HOGE RAAD DER NEDERLANDEN
STRAFKAMER
Nummer19/04135
Datum21 september 2021
ARREST
op het beroep in cassatie tegen een arrest van het gerechtshof Arnhem-Leeuwarden van 2 september 2019, nummer 21-006256-17, in de strafzaak
tegen
[verdachte] ,
geboren te [geboorteplaats] op [geboortedatum] 1986,
hierna: de verdachte.

1.Procesverloop in cassatie

Het beroep is ingesteld door de verdachte. Namens deze hebben R.I. Takens en T.P.A.M. Wouters, beiden advocaat te Amsterdam, bij schriftuur cassatiemiddelen voorgesteld. De schriftuur is aan dit arrest gehecht en maakt daarvan deel uit.
De advocaat-generaal P.C. Vegter heeft geconcludeerd tot vernietiging van de uitspraak van het hof, doch uitsluitend wat betreft de strafoplegging en tot terugwijzing naar het hof Arnhem-Leeuwarden, zittingsplaats Arnhem, opdat de zaak ten aanzien daarvan opnieuw wordt berecht en afgedaan en tot verwerping van het beroep voor het overige.

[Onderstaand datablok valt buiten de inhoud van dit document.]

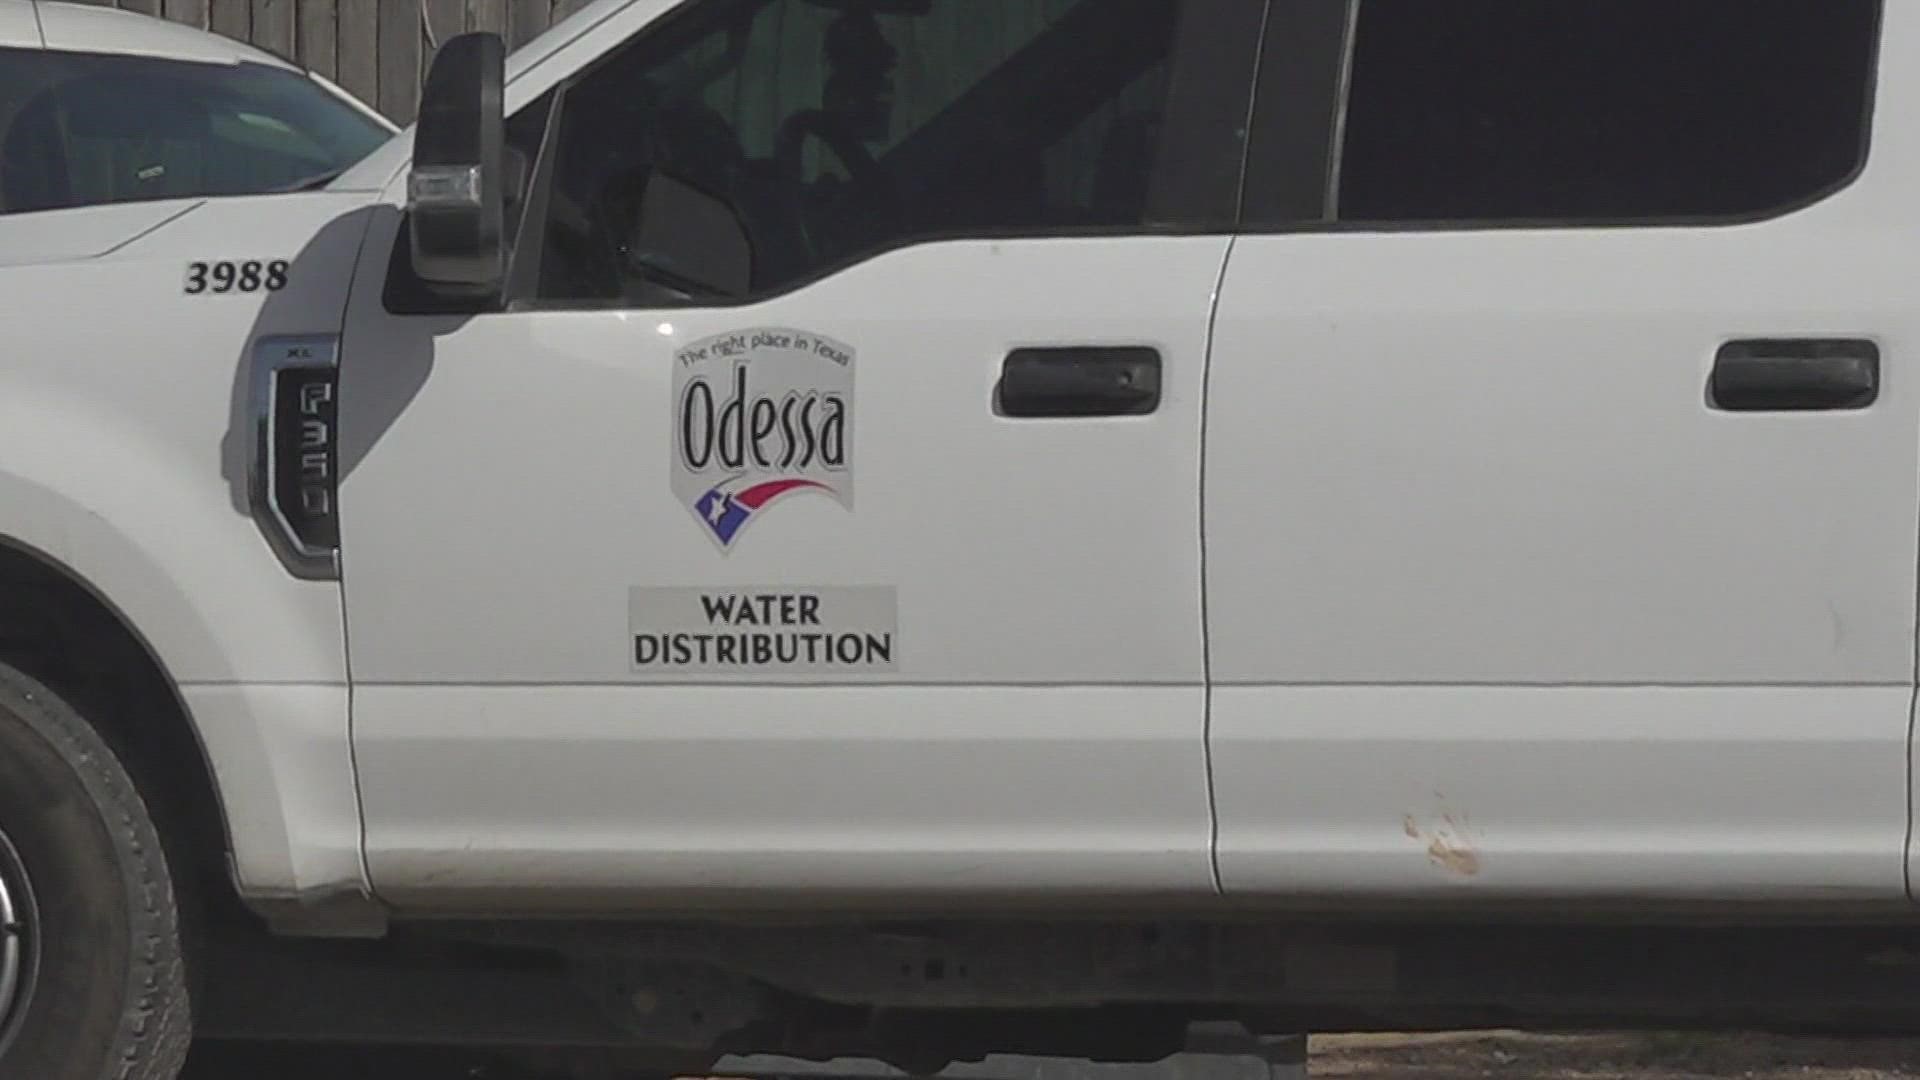 While the Ector County Utility District and the city of Odessa are right next to each other, they both have to send in water samples to be tested.
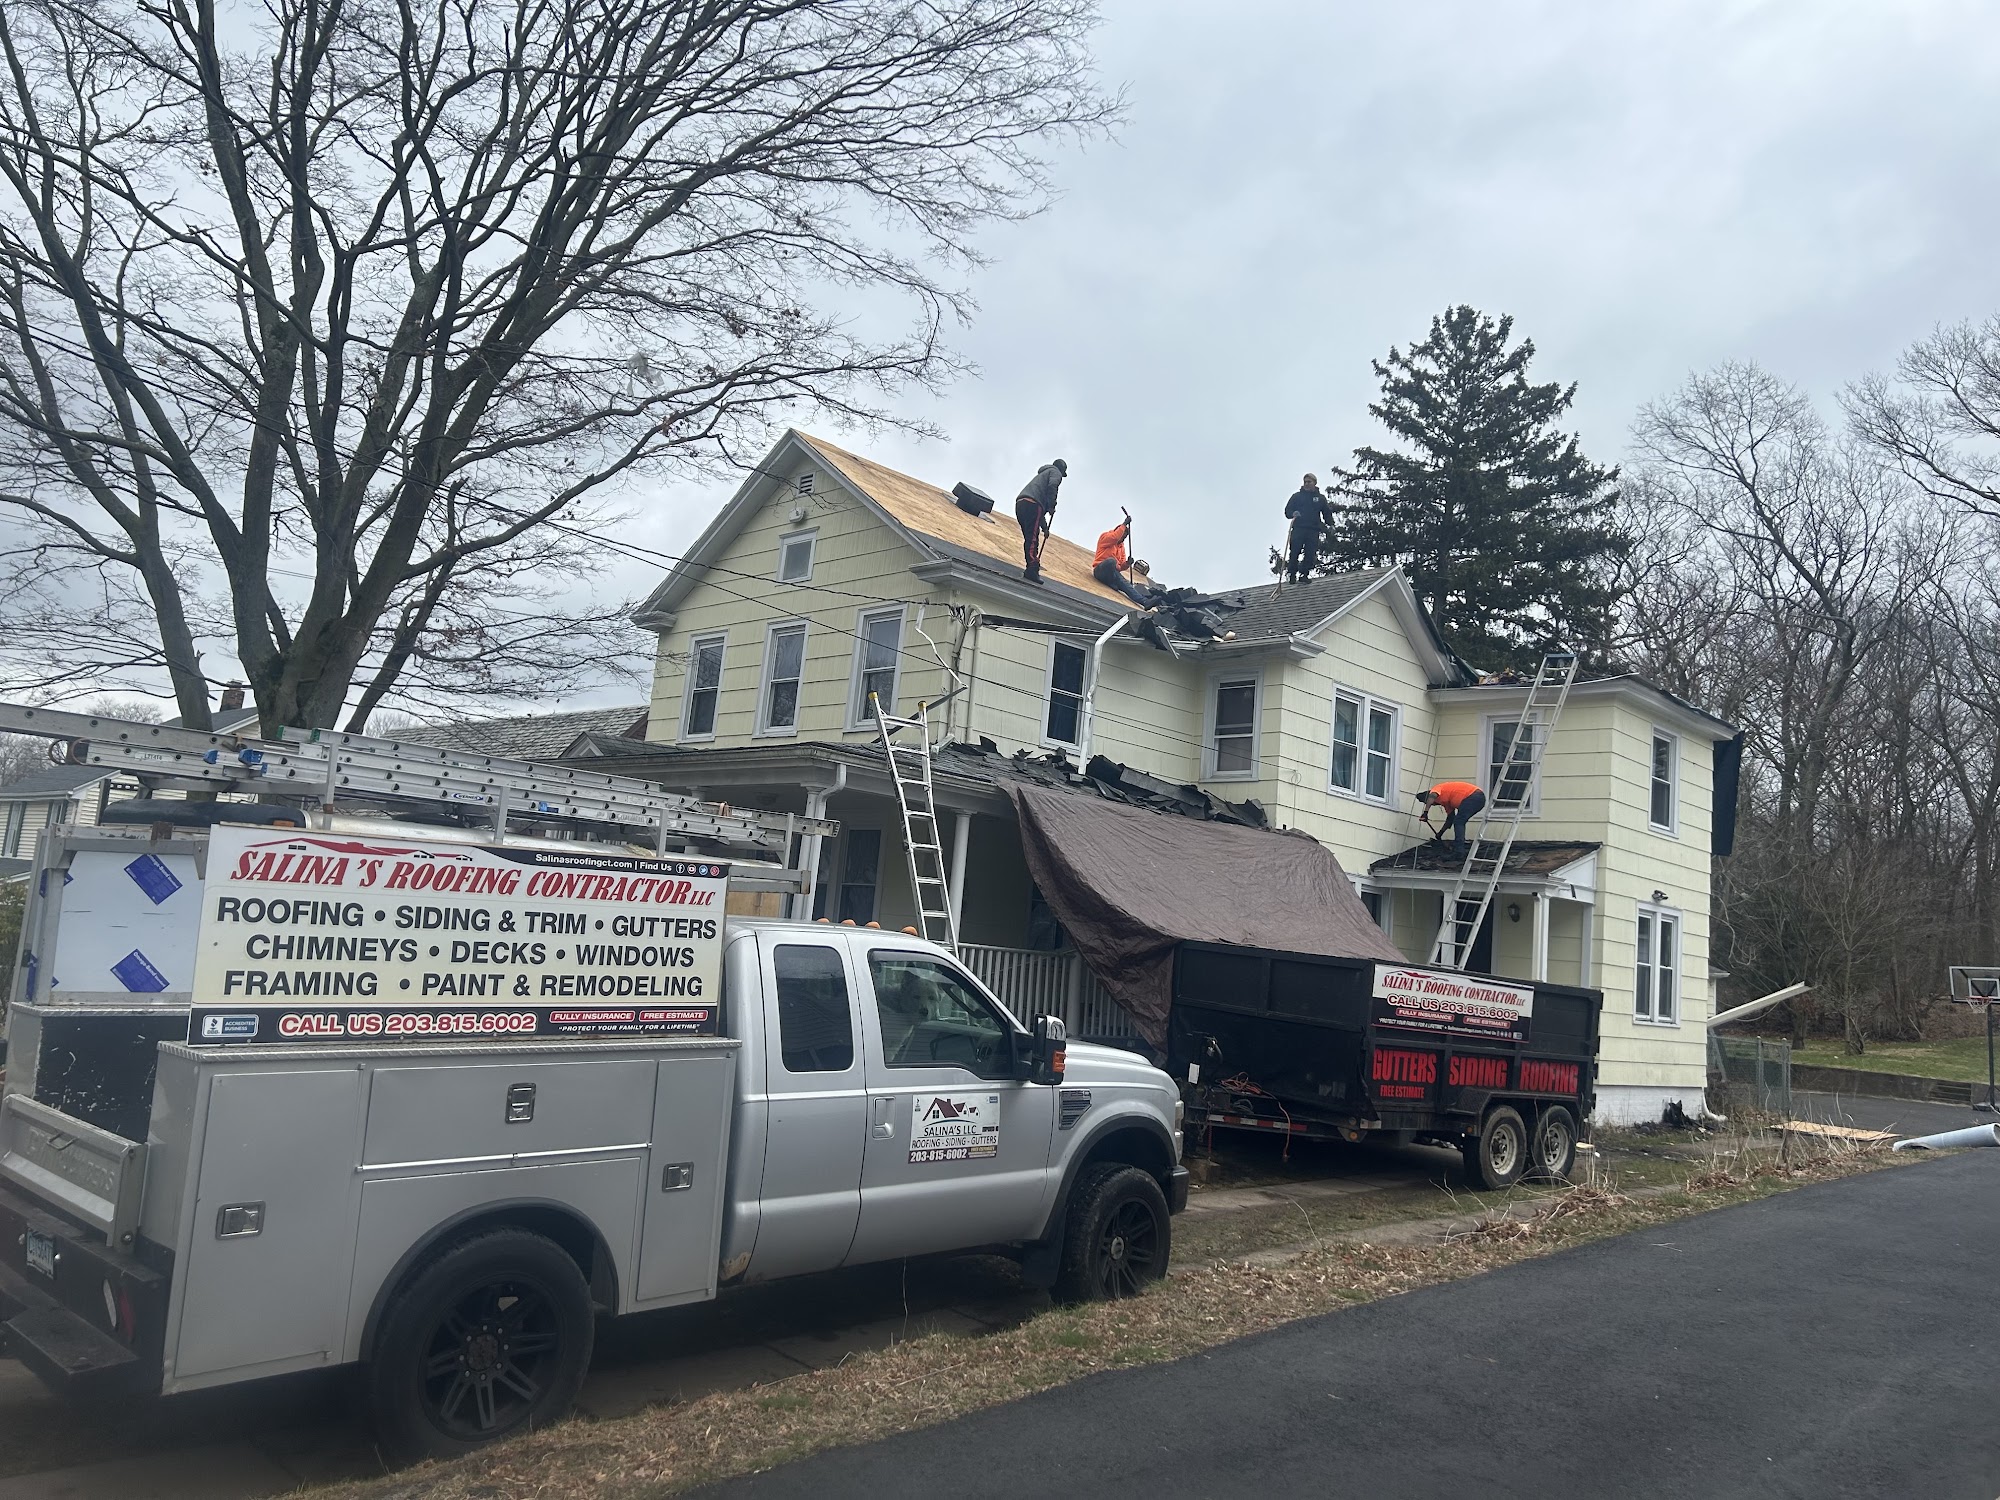 Salina's Roofing Siding & Gutters

2.Beoordeling van het eerste cassatiemiddel

De Hoge Raad heeft de klachten over de uitspraak van het hof beoordeeld. De uitkomst hiervan is dat deze klachten niet kunnen leiden tot vernietiging van die uitspraak. De Hoge Raad hoeft niet te motiveren waarom hij tot dit oordeel is gekomen. Bij de beoordeling van deze klachten is het namelijk niet nodig om antwoord te geven op vragen die van belang zijn voor de eenheid of de ontwikkeling van het recht (zie artikel 81 lid 1 van de Wet op de rechterlijke organisatie).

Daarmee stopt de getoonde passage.